> **THE PROBLEM**:
Apart from the pictures, the listing is to be returned exactly.

> **DATA SEGMENT**:
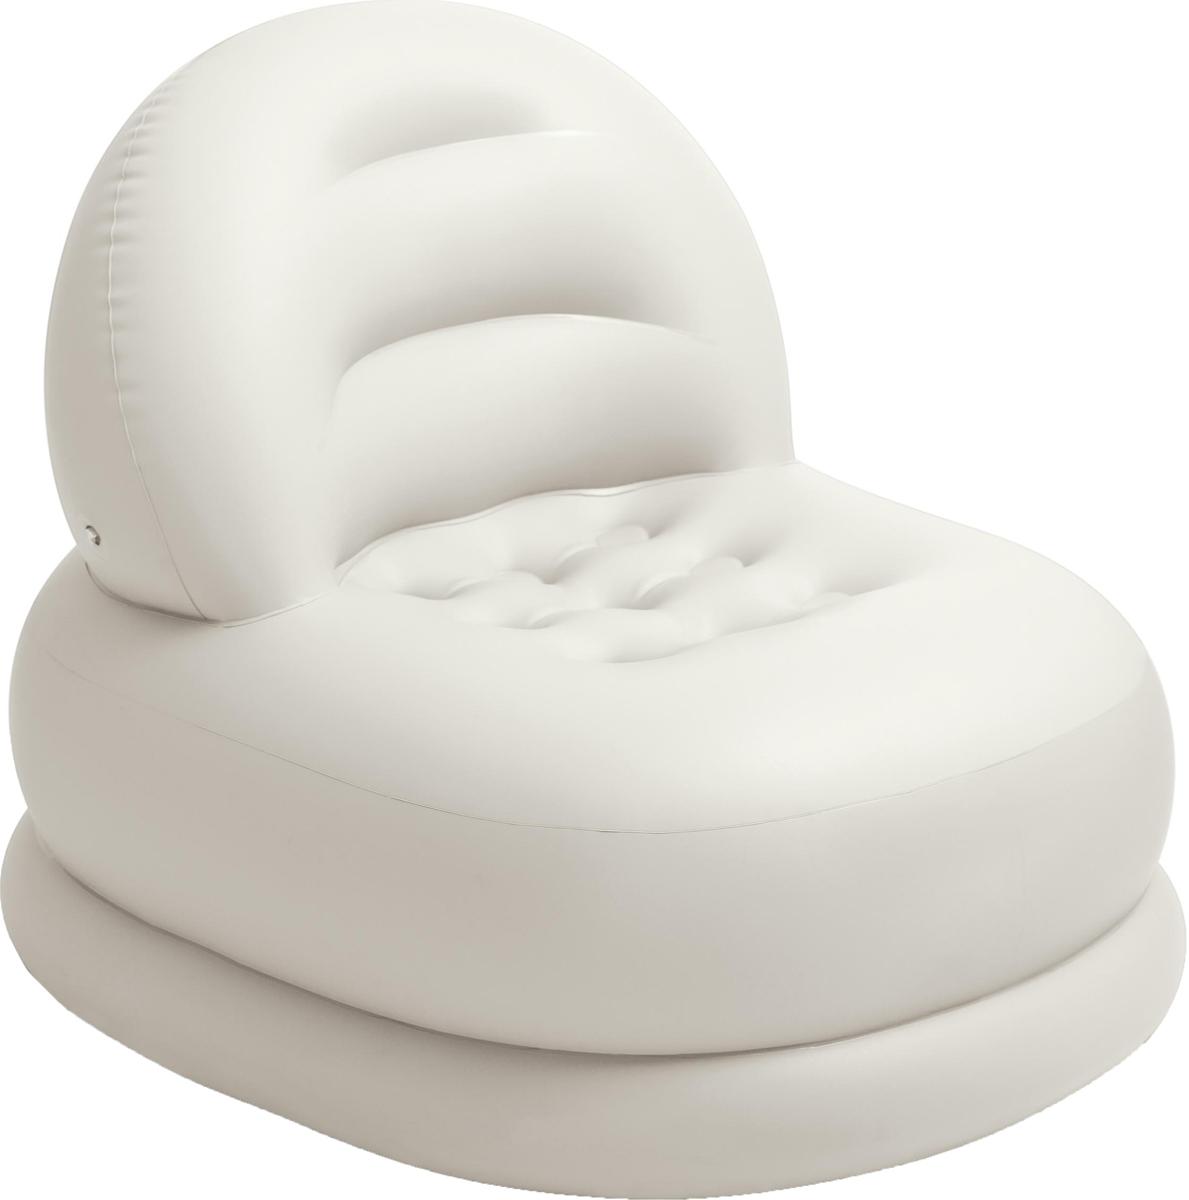 Кресло надувное Intex Mode Chair, 84 х 99 х 76 см цена
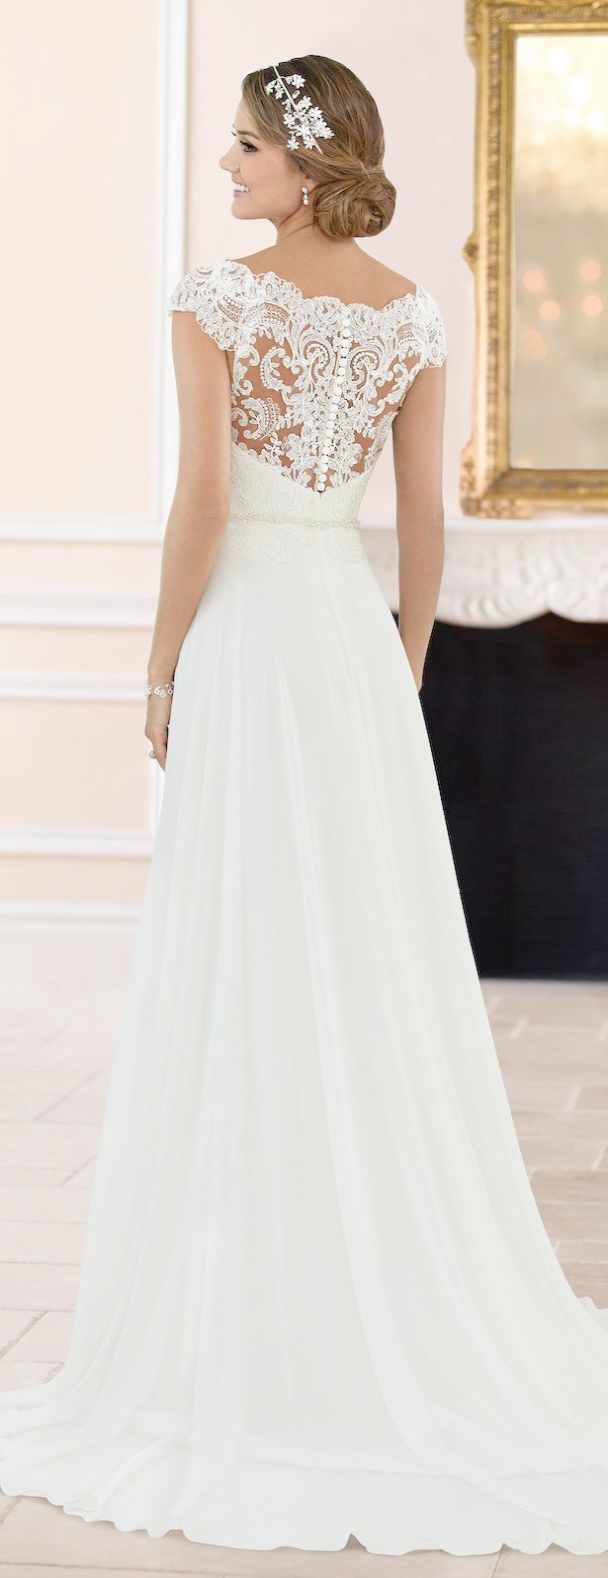 Lace wedding dress designers  Lace Wedding Dress Designers Lace Wedding Dresses Mid Length  Lace
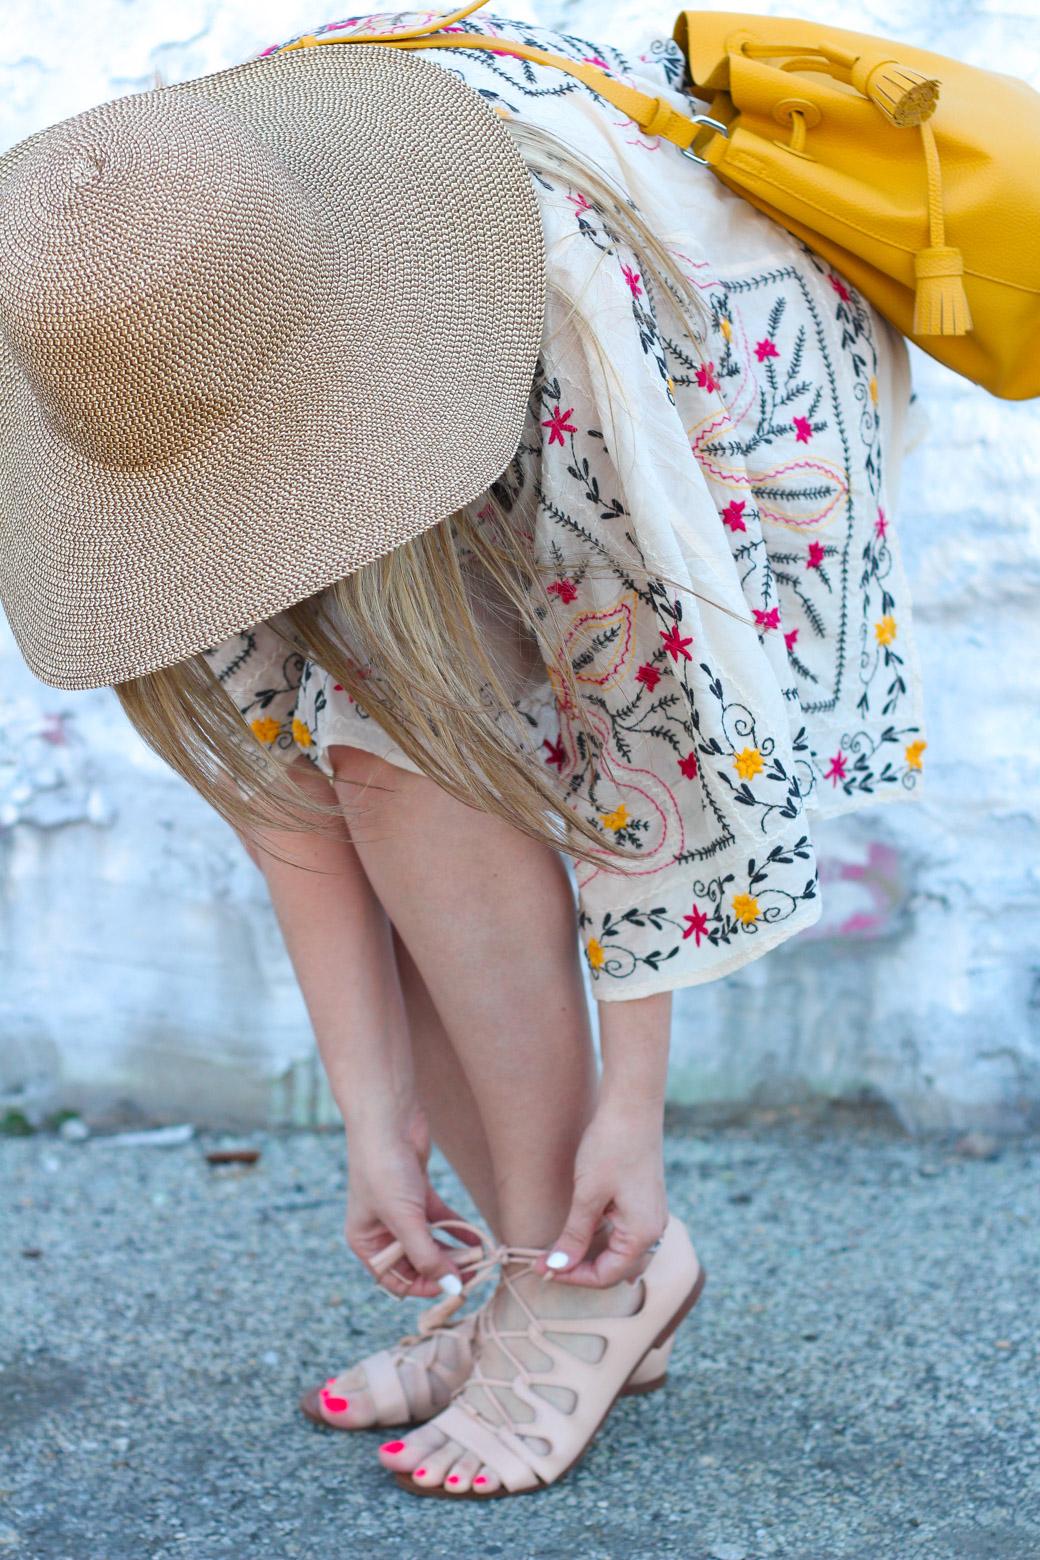 free-people-dress-chicago-fashion-blogger-26

> **RESPONSE TO THE EXERCISE**:
 Кресло надувное Intex Mode Chair, 84 х 99 х 76 см цена
 Lace wedding dress designers  Lace Wedding Dress Designers Lace Wedding Dresses Mid Length  Lace
 free-people-dress-chicago-fashion-blogger-26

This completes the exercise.